One of my favorite shows is Barnwood builders (the first house I built was a log cabin) on last nights show a guy made a referance to "bucket steak" and the rest of the guys had no clue. So they asked him what is was and he said "steak that comes in a bucket".

I googled and all it tells me is that it is like cubed steak. Can anyone else explain better?


----------



## [email protected]

I saw that show last night , too.
that trucker said it was like a cube steak soaking in a bucket of blood ??
said it was very tender..


----------



## whiterock

My first thought on that was a flashback to high school. Ag teacher told us to ask when ordering chicken fried steak if it came in a bucket.

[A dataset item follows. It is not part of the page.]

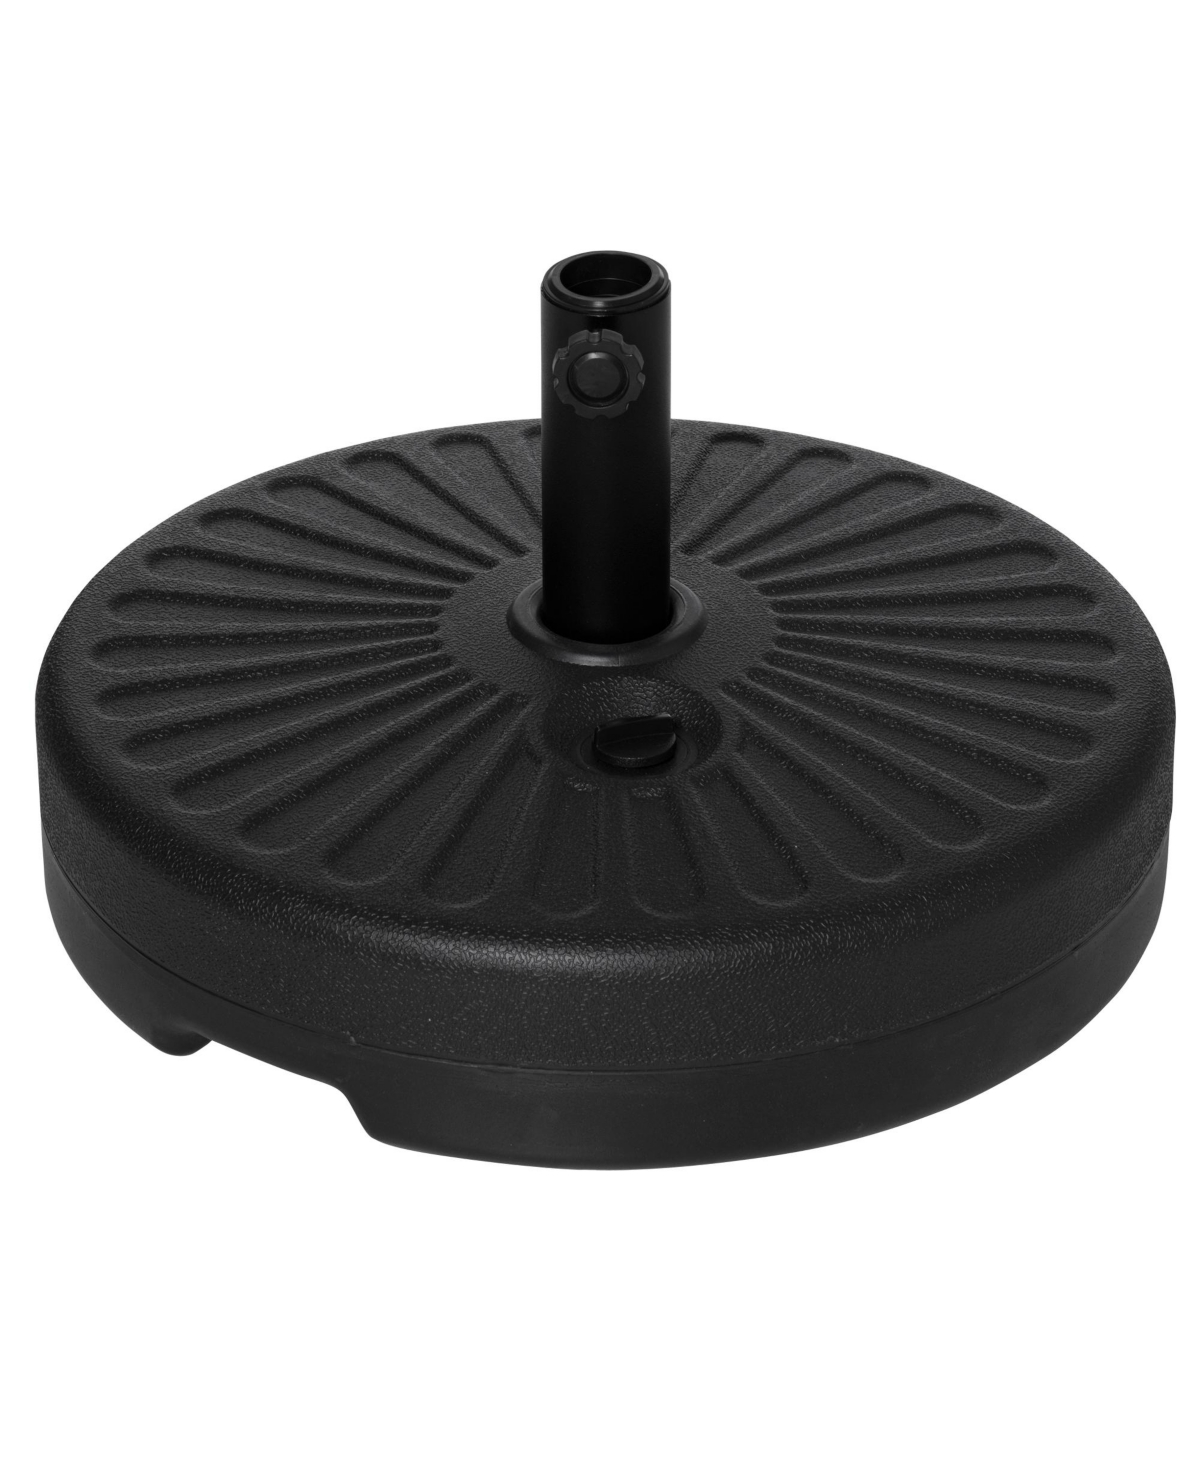 Round Plastic Umbrella Holder, Fillable Patio Umbrella Base Stand for Outdoor, 46lb Water or 57lbs Sand, Black - Black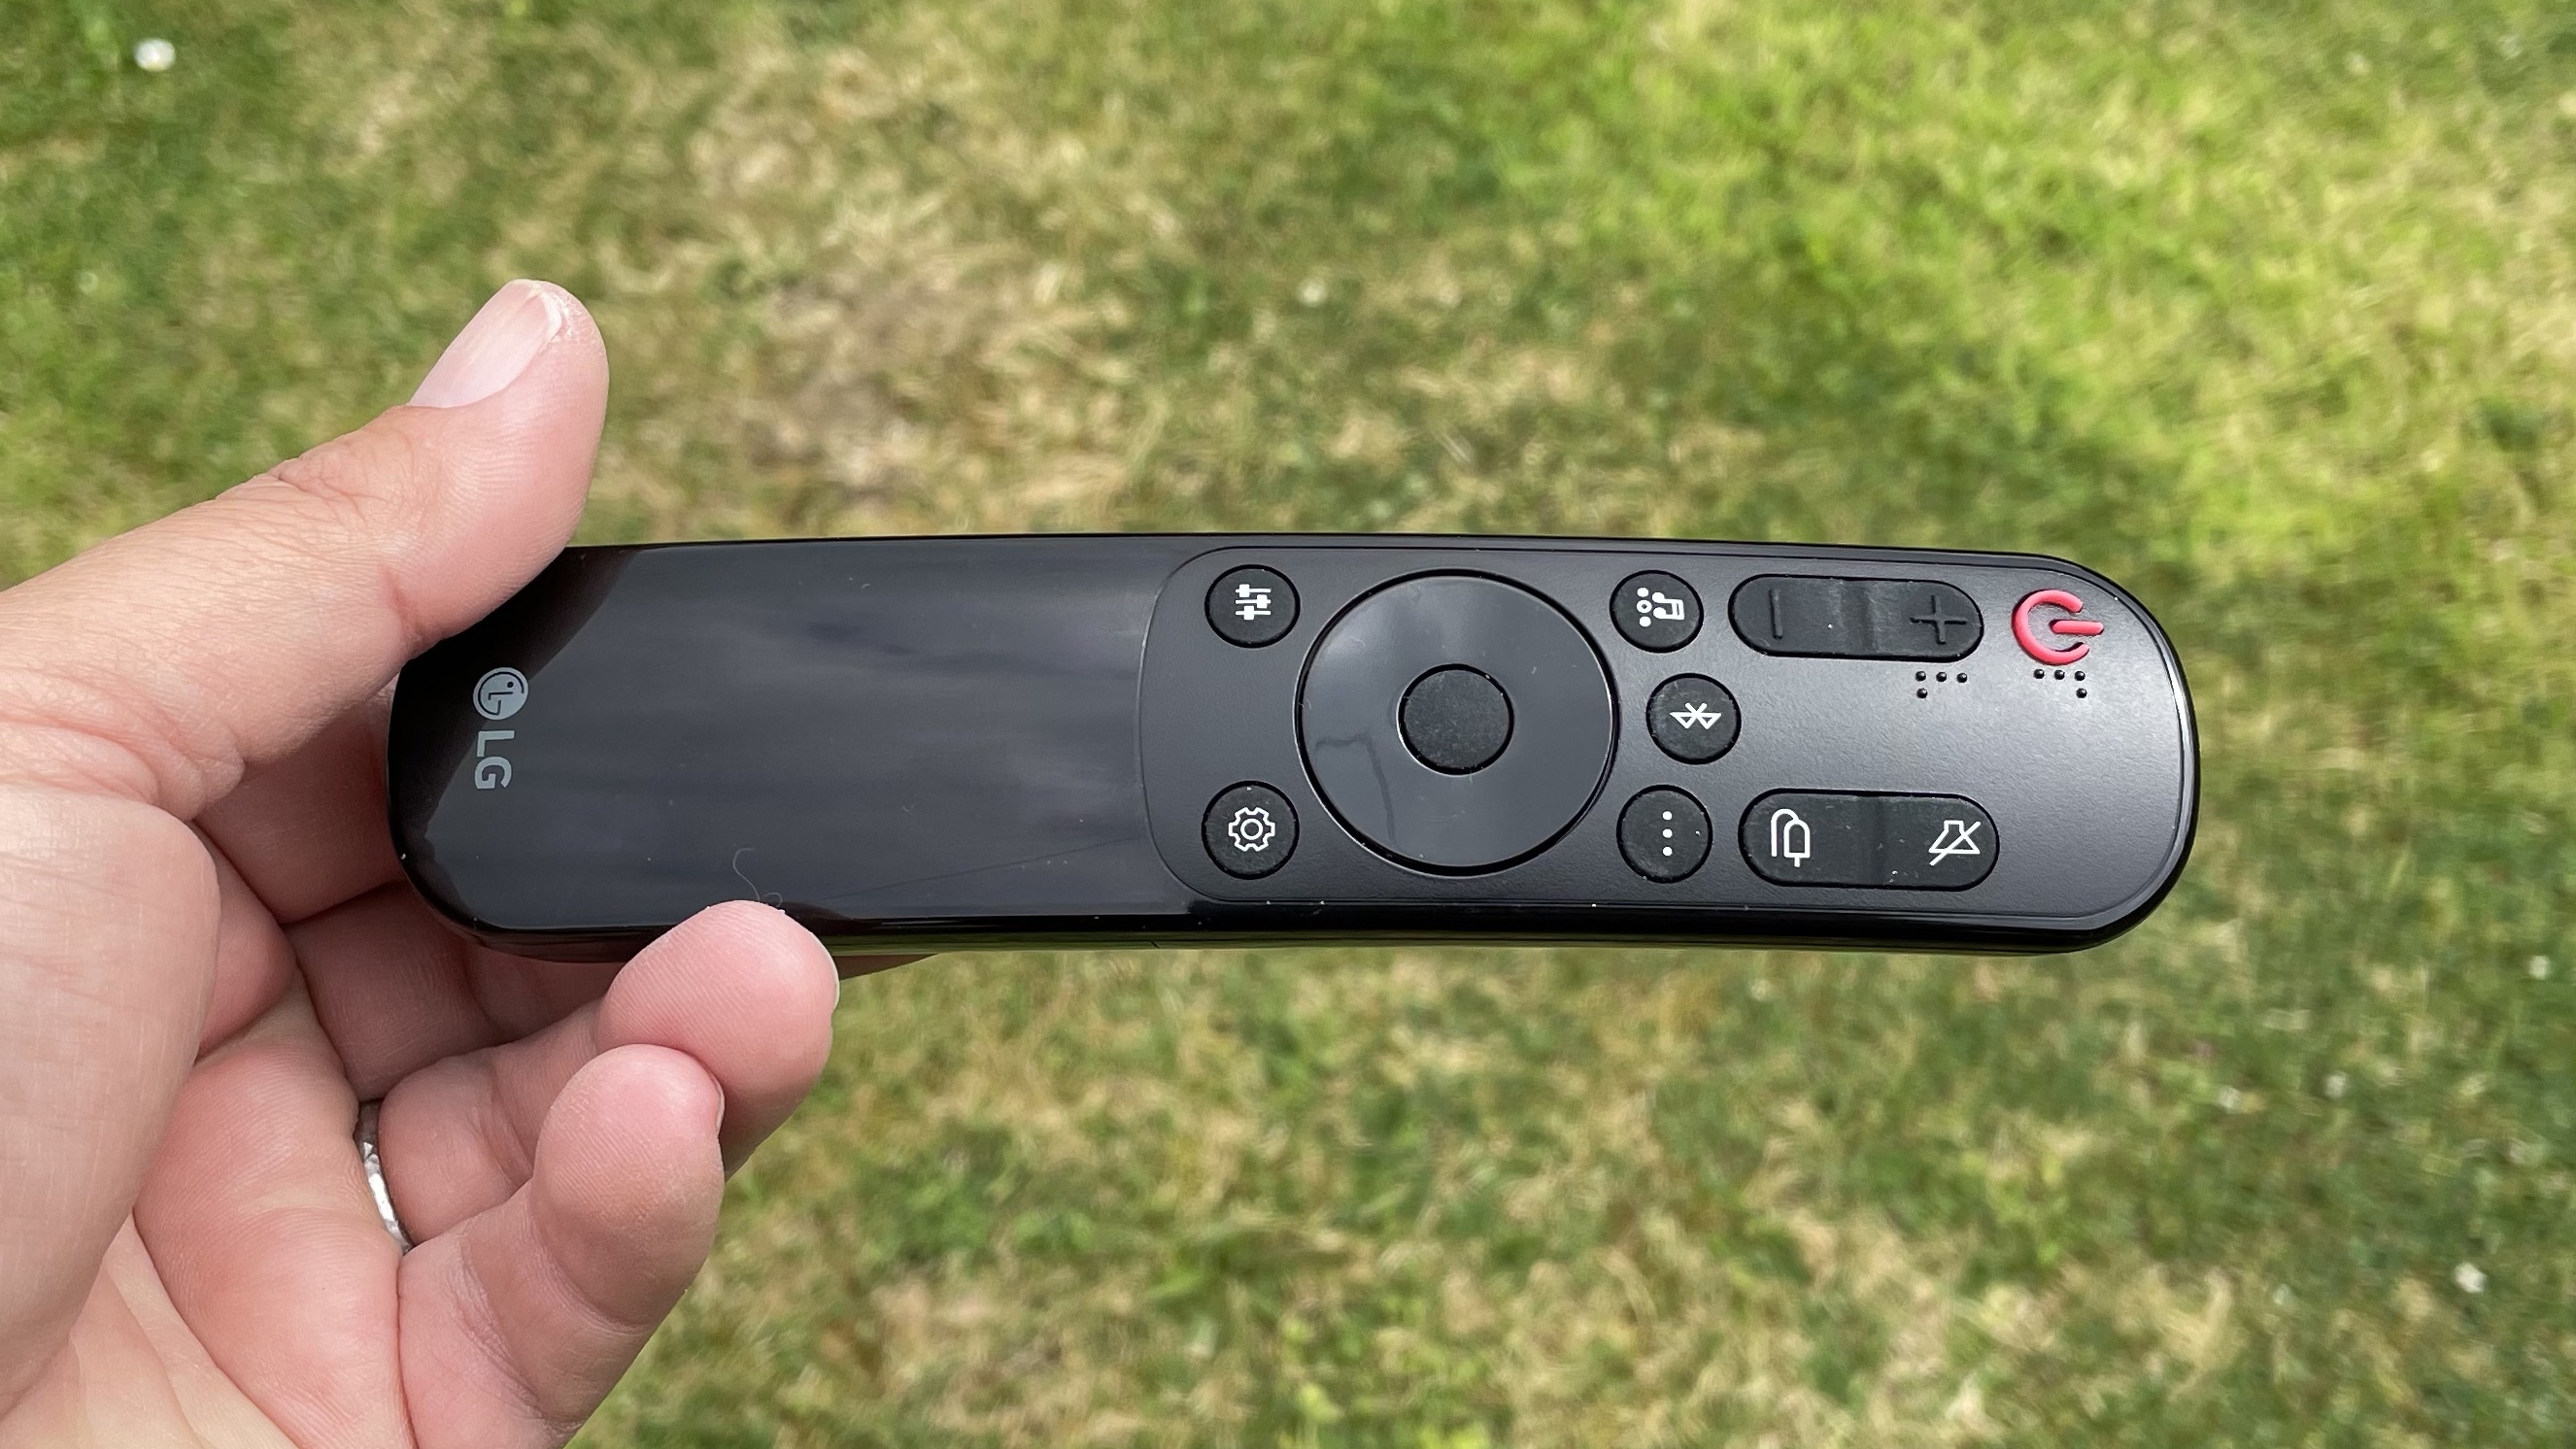 the remote control that comes with the lg sp11ra soundbar

Seems that when a pregnant cow was slaughtered if the calf was big enough it was butchered and the round steak was packed in buckets. Whether or not that is /was the truth or not I do not know.


----------



## Oregon1986

Doesn't sound very appetizing


----------



## tiffanysgallery

Bucket steak is another name for cube steak. 

I think it's regional, maybe. Like words that mean something entirely different in KY than elsewhere.


----------



## Oregon1986

tiffanysgallery said:


> Bucket steak is another name for cube steak.
> 
> I think it's regional, maybe. Like words that mean something entirely different in KY than elsewhere.


Hmm well cube steak is pretty darn good


----------



## shawnlee

Oregon1986 said:


> Hmm well cube steak is pretty darn good



Does it sound better to call the baby cow veal.... Because that's what veal is.....well not unborn cow, but the same as chicken eggs are unborn chickens......eating unborn cow does not sound very good, but those things taste pretty good


----------



## Oregon1986

shawnlee said:


> Does it sound better to call the baby cow veal.... Because that's what veal is.....well not unborn cow, but the same as chicken eggs are unborn chickens......eating unborn cow does not sound very good, but those things taste pretty good


lol for me it wasn't the unborn thing that was gross,it was the being soaked in a bucket of blood


----------



## shawnlee

LOL...for me the blood was ok, blood sausage and all, but the unborn thing makes me a little squeamish.....


----------